Contents

1 Installation

EnrichDO can be installed from Bioconductor:


if (!require("BiocManager", quietly = TRUE)) install.packages("BiocManager")

BiocManager::install("EnrichDO")

or github page


if (!require("BiocManager", quietly = TRUE)) install.packages("BiocManager")

library(devtools)
devtools::install_github("liangcheng-hrbmu/EnrichDO")

2 Introduction

Disease Ontology (DO) enrichment analysis is an effective means to discover the associations between genes and diseases. However, most current DO-based enrichment methods were unable to solve the over enriched problem caused by the “true-path” rule. To address this problem, we presents EnrichDO, a double weighted iterative model, which is based on the latest annotations of the human genome with DO terms and integrates the DO graph topology on a global scale. On one hand, to reinforce the saliency of direct gene-DO annotations, different initial weights are assigned to directly annotated genes and indirectly annotated genes, respectively. On the other hand, to detect locally most significant node between the parent and its children, less significant nodes are dynamically down-weighted. EnrichDO exhibits high accuracy that it can identify more specific DO terms, which alleviates the over enriched problem.

EnrichDO encompasses various statistical models and visualization schemes for discovering the associations between genes and diseases from biological big data. Currently uploaded to Bioconductor, EnrichDO aims to provide a more convenient and effective DO enrichment analysis tool.


library(EnrichDO)
#> 

3 Disease Ontology Enrichment Analysis

EnrichDO presents a double weighted iterative model for DO enrichment analysis. Based on the latest annotations of the human genome with DO terms, EnrichDO can identify locally significant enriched terms by applying different initial weights and dynamic weights for annotated genes and integrating the DO graph topology on a global scale. EnrichDO presents an effective and flexible model, which supplies various statistical testing models and multiple testing correction methods.

3.1 Data Preparation

The input data for EnrichDO is a predefined gene set, such as differentially expressed gene sets, significant genes from GWAS, gene sets from high-throughput biological data, etc.
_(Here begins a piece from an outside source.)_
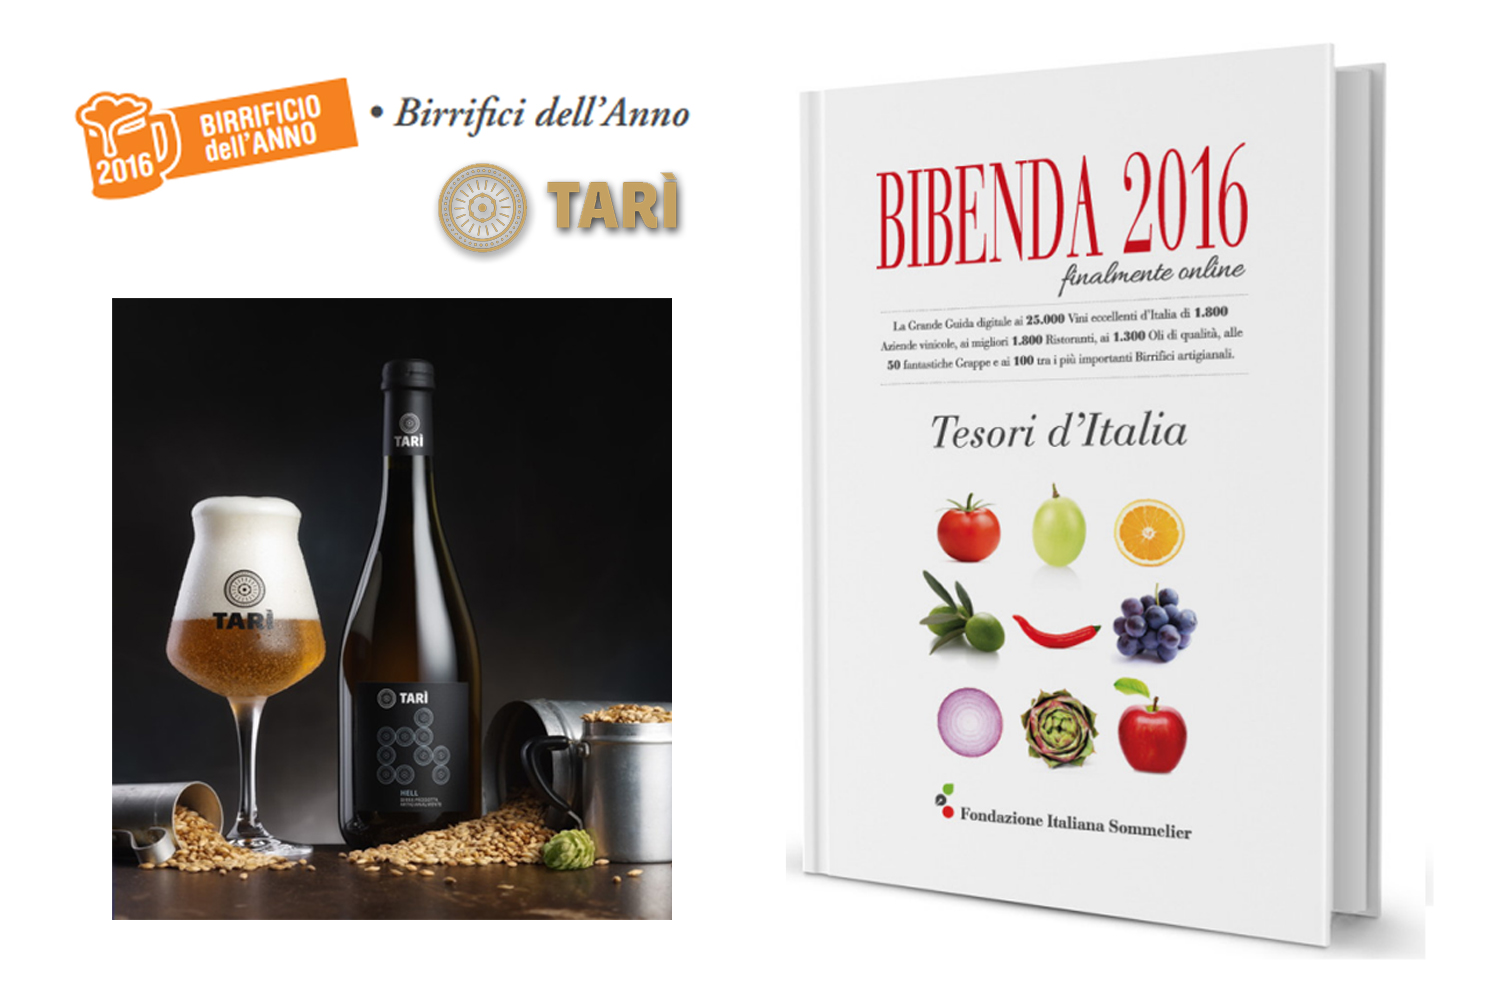 La pagina di Bibenda su Birra Tarì

The interest gene sets should be protein-coding genes, in the ENTREZID format from NCBI. Taking the input_example as an example, it stores validated protein-coding genes associated with Alzheimer’s disease from the DisGeNET database.
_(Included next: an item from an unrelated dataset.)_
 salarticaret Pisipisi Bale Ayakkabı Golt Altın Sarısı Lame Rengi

Alzheimer<-read.delim(file.path(system.file("extdata", package="EnrichDO"), 
                                "Alzheimer_curated.csv"), header = FALSE)
input_example<-Alzheimer[,1]

In order to improve the speed of the case, in the following example, several genes (demo.data) are randomly selected from the protein-coding genes (NCBI Entrez ID) for analysis.


demo.data<-c(1636,351,102,2932,3077,348,4137,54209,5663,5328,23621,3416,3553)

3.2 doEnrich Function

EnrichDO provides disease ontology enrichment analysis through the doEnrich function. Depending on the setting of the traditional parameter, you can choose between weighted enrichment analysis or classic enrichment analysis. The following is a simple running example using weighted enrichment analysis by default:


demo_result<-doEnrich(interestGenes=demo.data)
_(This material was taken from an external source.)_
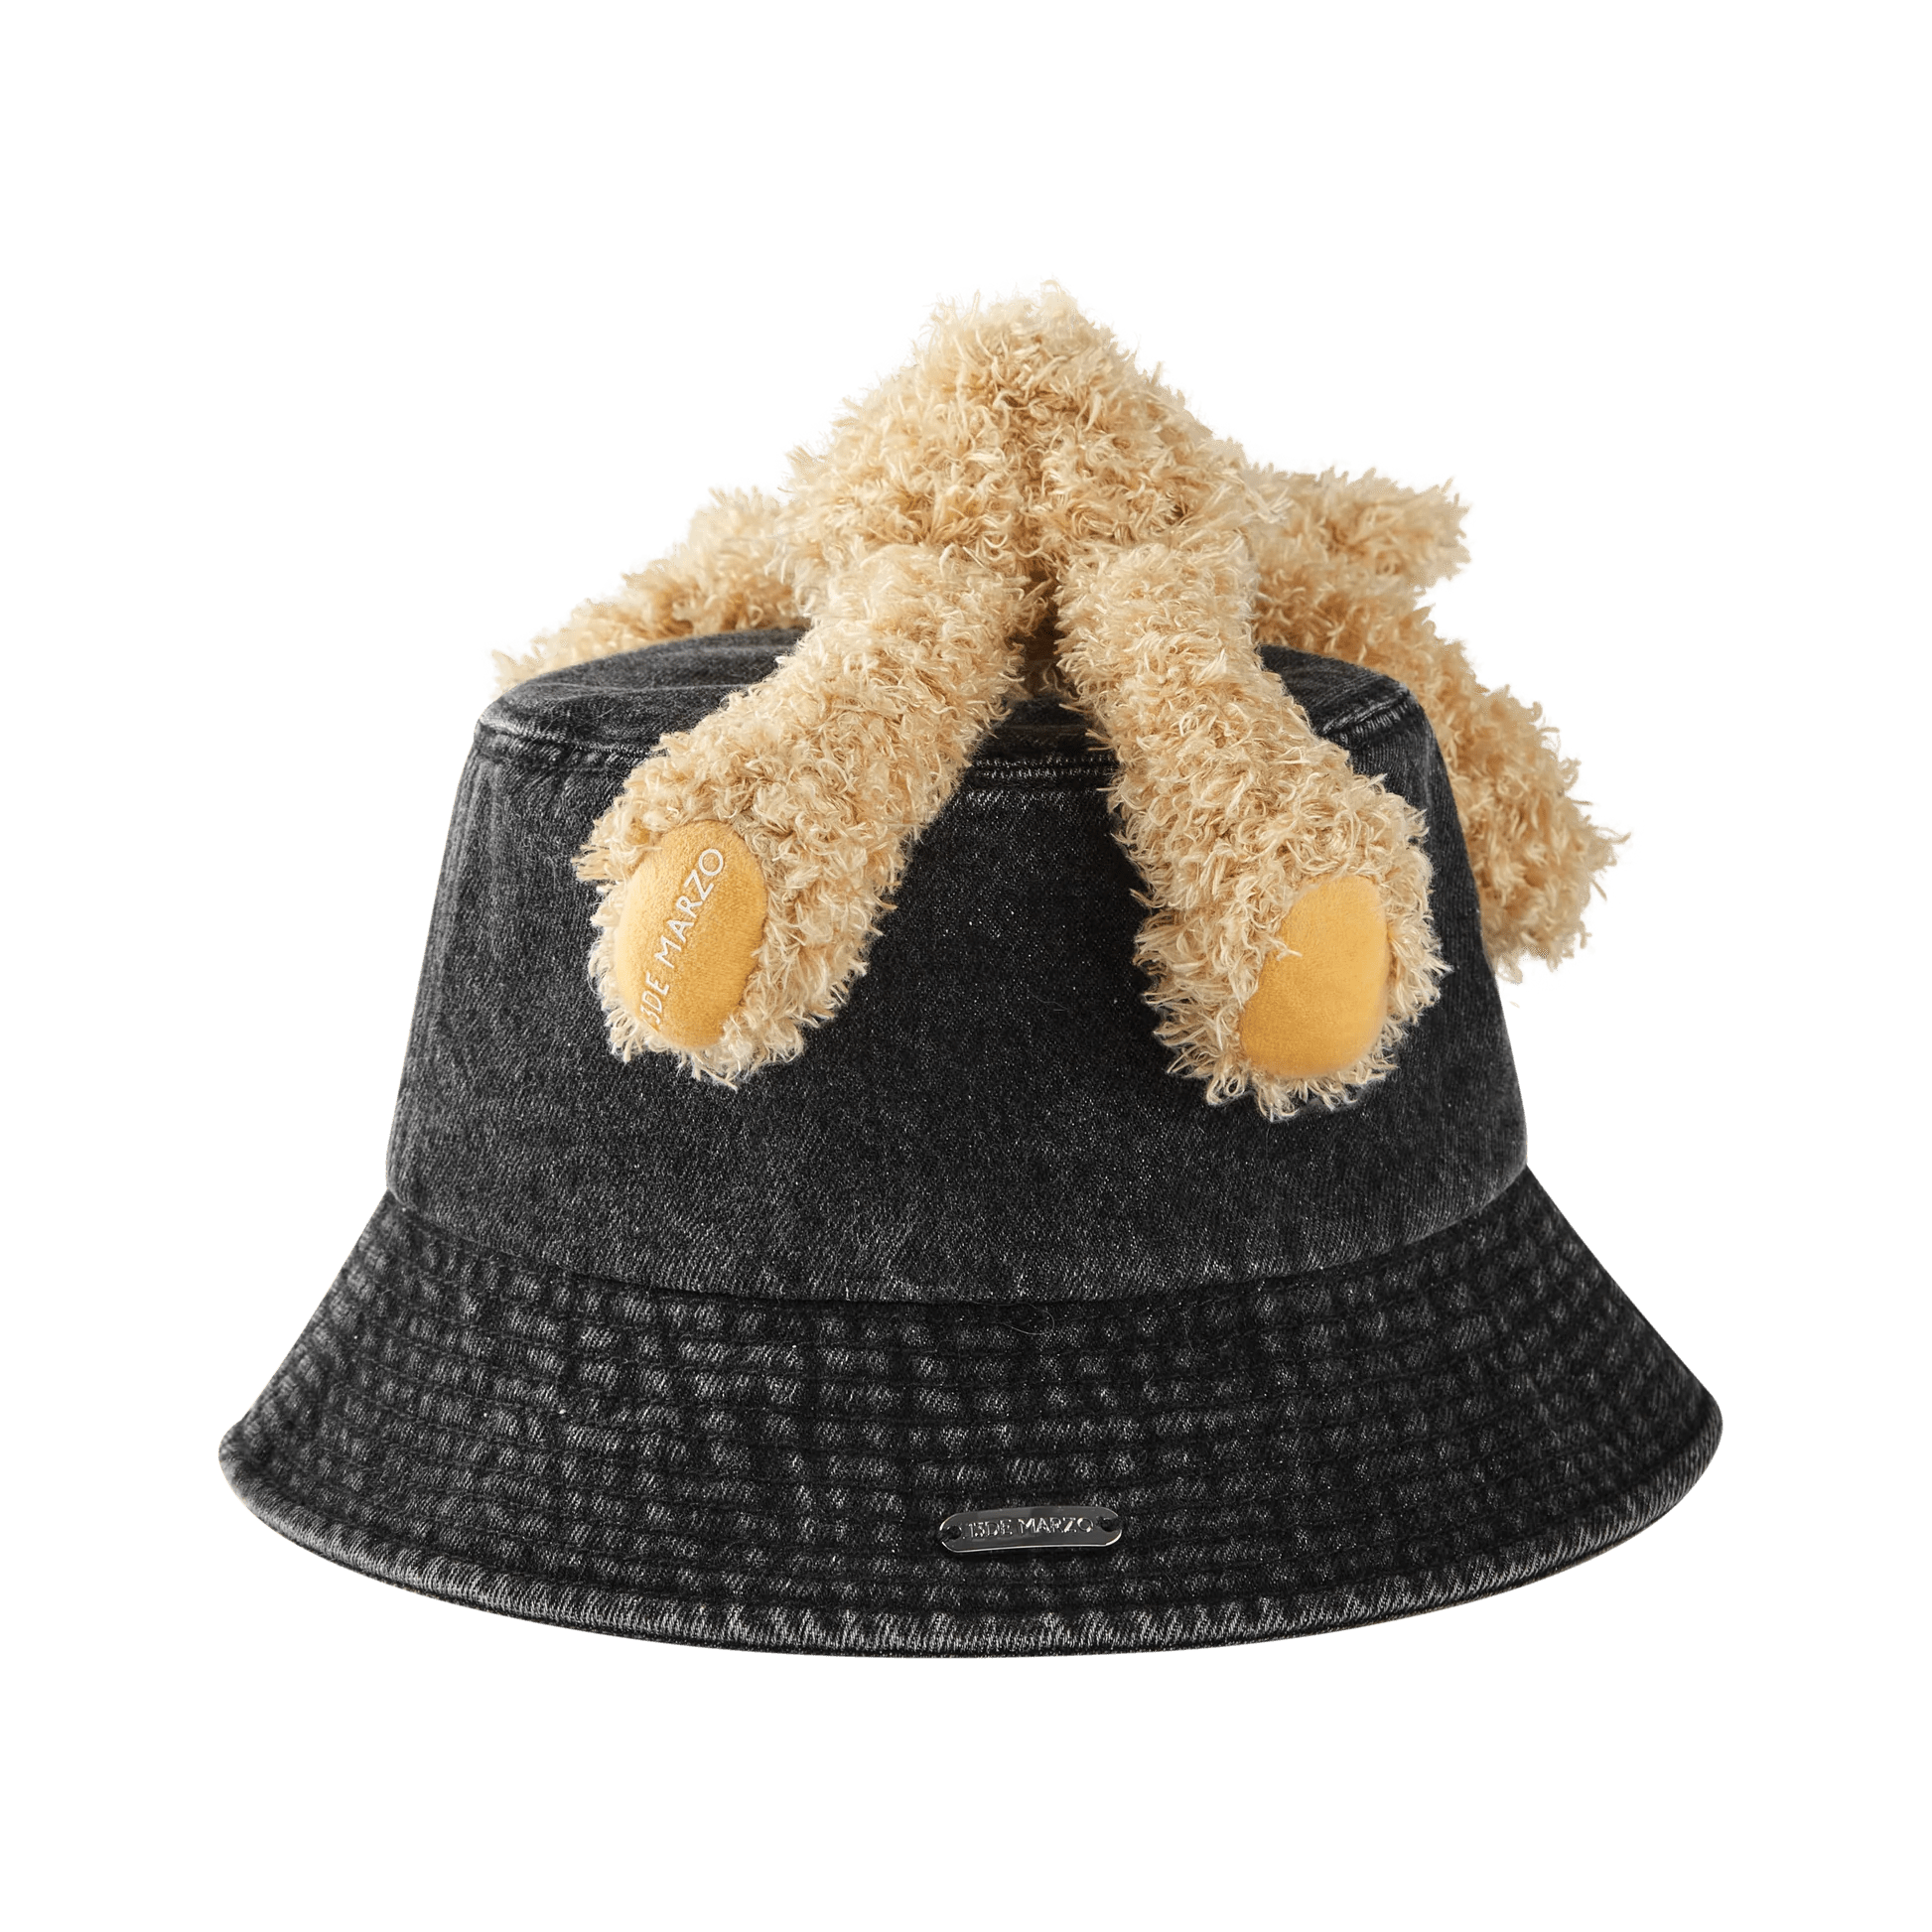 13DE MARZO Doozoo Washed Denim Bucket Hat Black | MADA IN CHINA

3.2.1 Weighted Enrichment Function

In addition to performing weighted enrichment analysis with default parameters, the following parameters can also be modified to better meet the analysis requirements. The specific meanings of these parameters can be accessed by using the ?doEnrich method.


weighted_demo<-doEnrich(interestGenes=demo.data,
                        test="fisherTest",
                        method="holm",
                        m=1,
                        minGsize=10,
                        maxGsize=2000,
                        delta=0.05,
                        penalize=TRUE)
#>       -- Descending rights test--
#> LEVEL: 13    1 nodes 72 genes to be scored
#> LEVEL: 12    2 nodes 457 genes to be scored
#> LEVEL: 11    3 nodes 907 genes to be scored
#> LEVEL: 10    12 nodes    2278 genes to be scored
#> LEVEL: 9 50 nodes    5376 genes to be scored
#> LEVEL: 8 116 nodes   7751 genes to be scored
#> LEVEL: 7 181 nodes   9463 genes to be scored
#> LEVEL: 6 193 nodes   10144 genes to be scored
#> LEVEL: 5 174 nodes   9756 genes to be scored
#> LEVEL: 4 85 nodes    9088 genes to be scored
#> LEVEL: 3 18 nodes    4599 genes to be scored
#> LEVEL: 2 1 nodes 1605 genes to be scored
#> LEVEL: 1 0 nodes 0 genes to be scored

3.2.2 Classic Enrichment Function

The doEnrich function can control the parameter traditional to perform traditional overexpression enrichment analysis (ORA), which means that it will not down-weight based on the topological structure of the disease ontology. Additionally, Parameters test, method, m, maxGsize and minGsize can be used flexibly.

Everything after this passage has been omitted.